Uyanık büyükler, ya politika sektörünün aktörleri arasında yer aldı ya da işbirlikleri geliştirerek sermaye stokunun asıl kaynağı Kamu ihalelerinin takipçisi oldular... gün geldi, Teşvik Politikalarının bir ürünü sanayici oluverdiler.

Evlatlar ise ya Kamu Beyefendisi olabilmek ya da Kamu ile iyi işbirlikleri geliştirebilmek için yıllar sürecek örgün eğitim kurumlarının kapılarına dayandı.

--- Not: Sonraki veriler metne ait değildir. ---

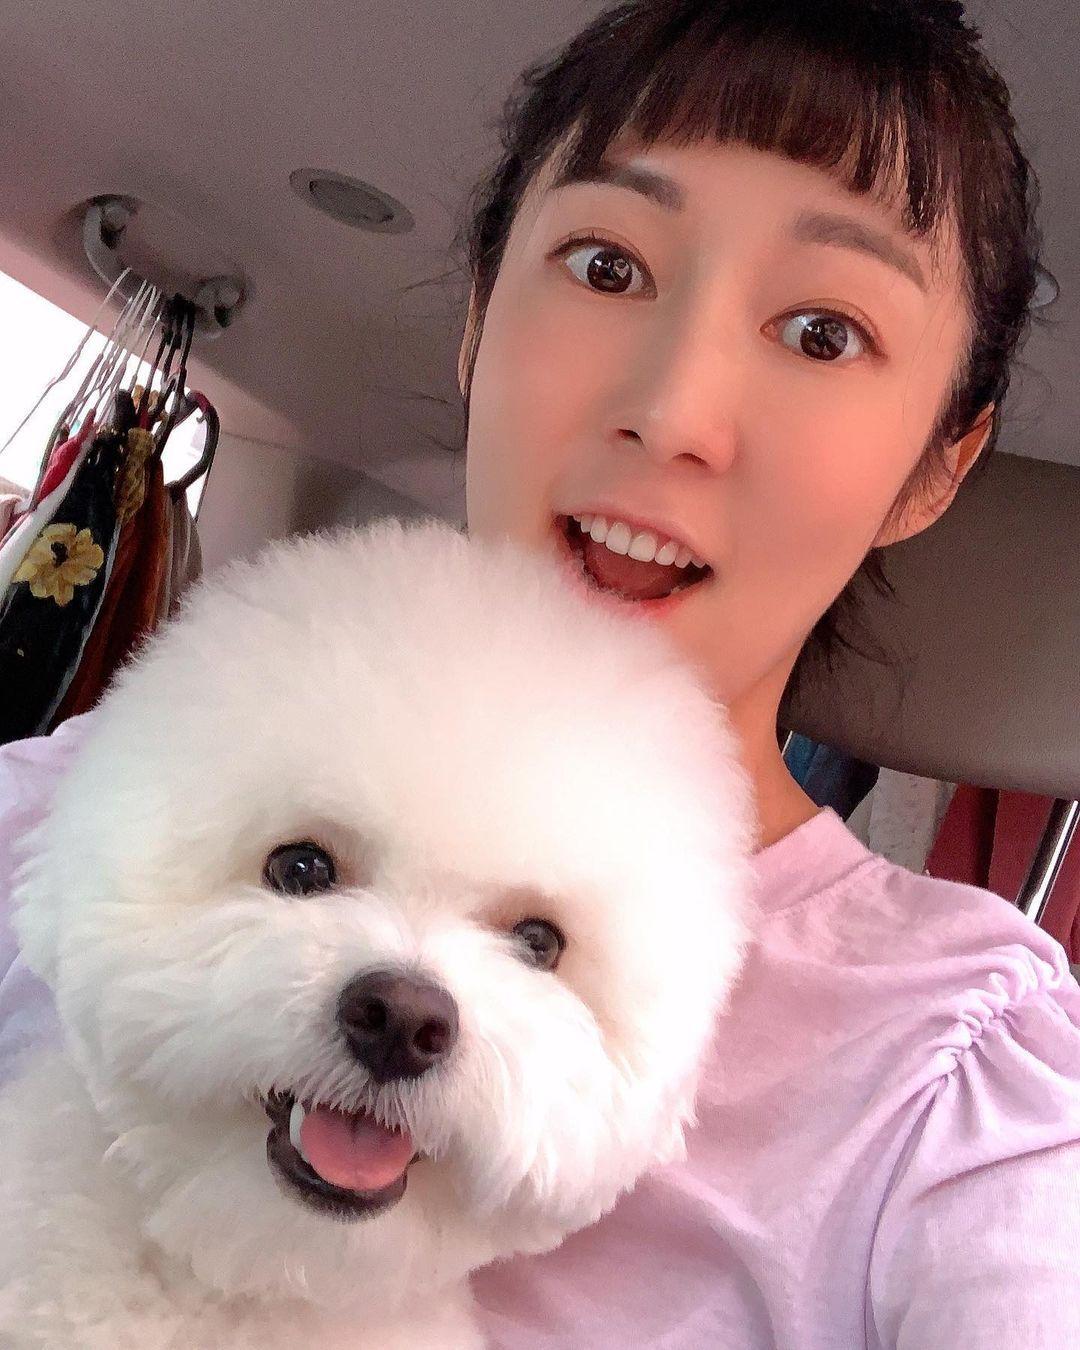 韩国41岁女星未婚生子引热议,原因公开后被网友大赞有勇气!插图6
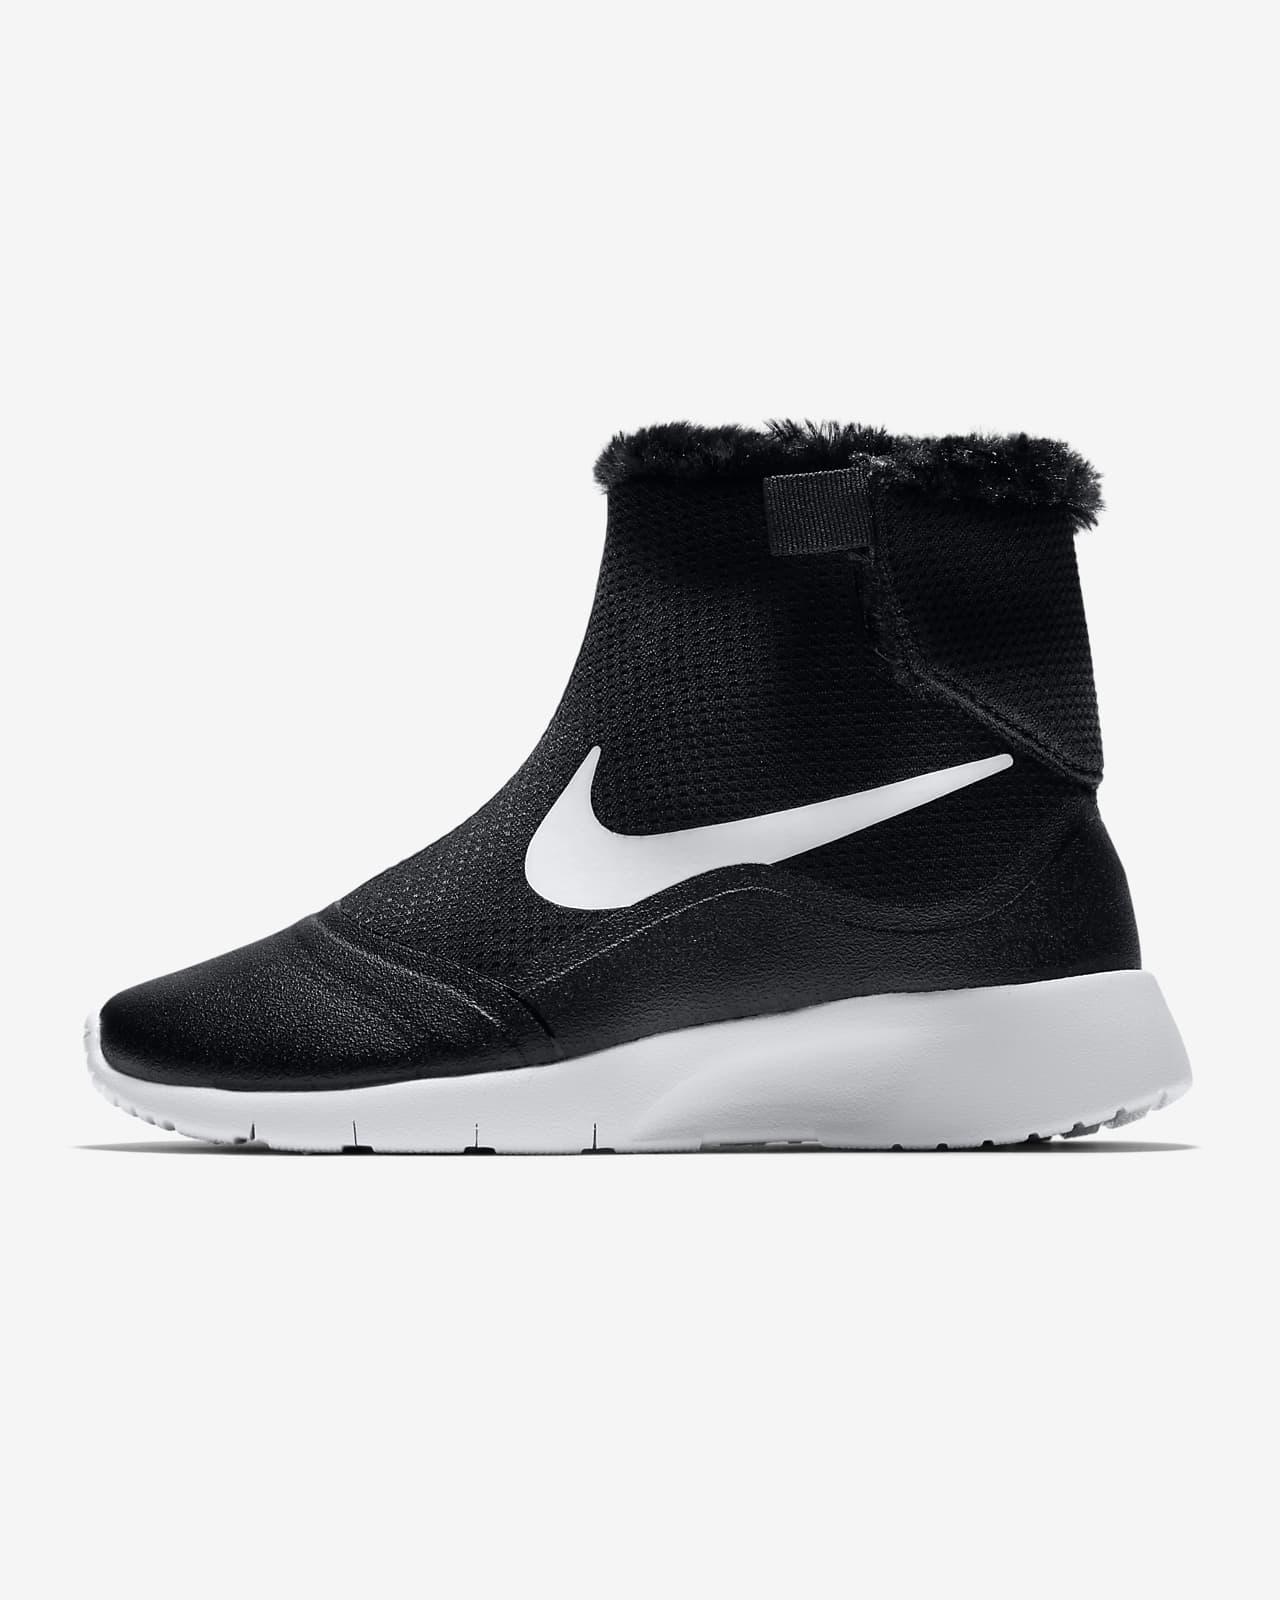 Nike Tanjun HI (PSV) 幼童运动童鞋

İşte bu, Politika Sektörünün tam da istediği şeydi... Hem büyüklerden hem de evlatlardan karşılığını uzun yıllar aldı; ta ki taleplerin altında boğulma noktasına gelinceye kadar...

Tarım Devriminden sonra Batı, Sanayi Devrimini gerçekleştirdi; biz ise iktisat tarihine geçmesi gereken bir ara dönemi icat ettik; Kamudan Kazanç Devrimi’ni... Aradan yarım asır geçti, halâ sözünü ettiğimiz şu ara dönemin araçlarıyla Batıyı yakalamaya çalışıyoruz.

Oysa Cumhuriyetin daha ilk yıllarında; 1927'de "Yüksek ve Meslekî Öğretim Genel Müdürlüğü”nün ihdası ile başlatılan disiplinli çalışmalarla 1931’de Bölge Sanat Okulları, 1937’de Erkek Teknik Yüksek Öğretmen Okulu, 1950’de de Meslekî ve Teknik Öğretim Kurumları açılmış; piyasanın ihtiyacı olan zanaatkârlar ve teknik elemanlar yetiştirilmeye başlanmıştı.

Sürekli adı değişen bu kurumlar günümüzde, öğrenci bulamaz oldular artık. Çünkü mezunları Kamu Beyefendisi değil, işçi olabiliyor ancak; ya Kamu da ya da özel sektörde.

Örgün eğitimde fırsatı kaçıranlar ise ümidini yitirmiş ve buruk; bilgi ve becerilerini geliştirmek ve geçimlerini sağlayacak imkânlara kavuşmak ümidiyle Yaygın Eğitim Kurumlarına başvuruyor.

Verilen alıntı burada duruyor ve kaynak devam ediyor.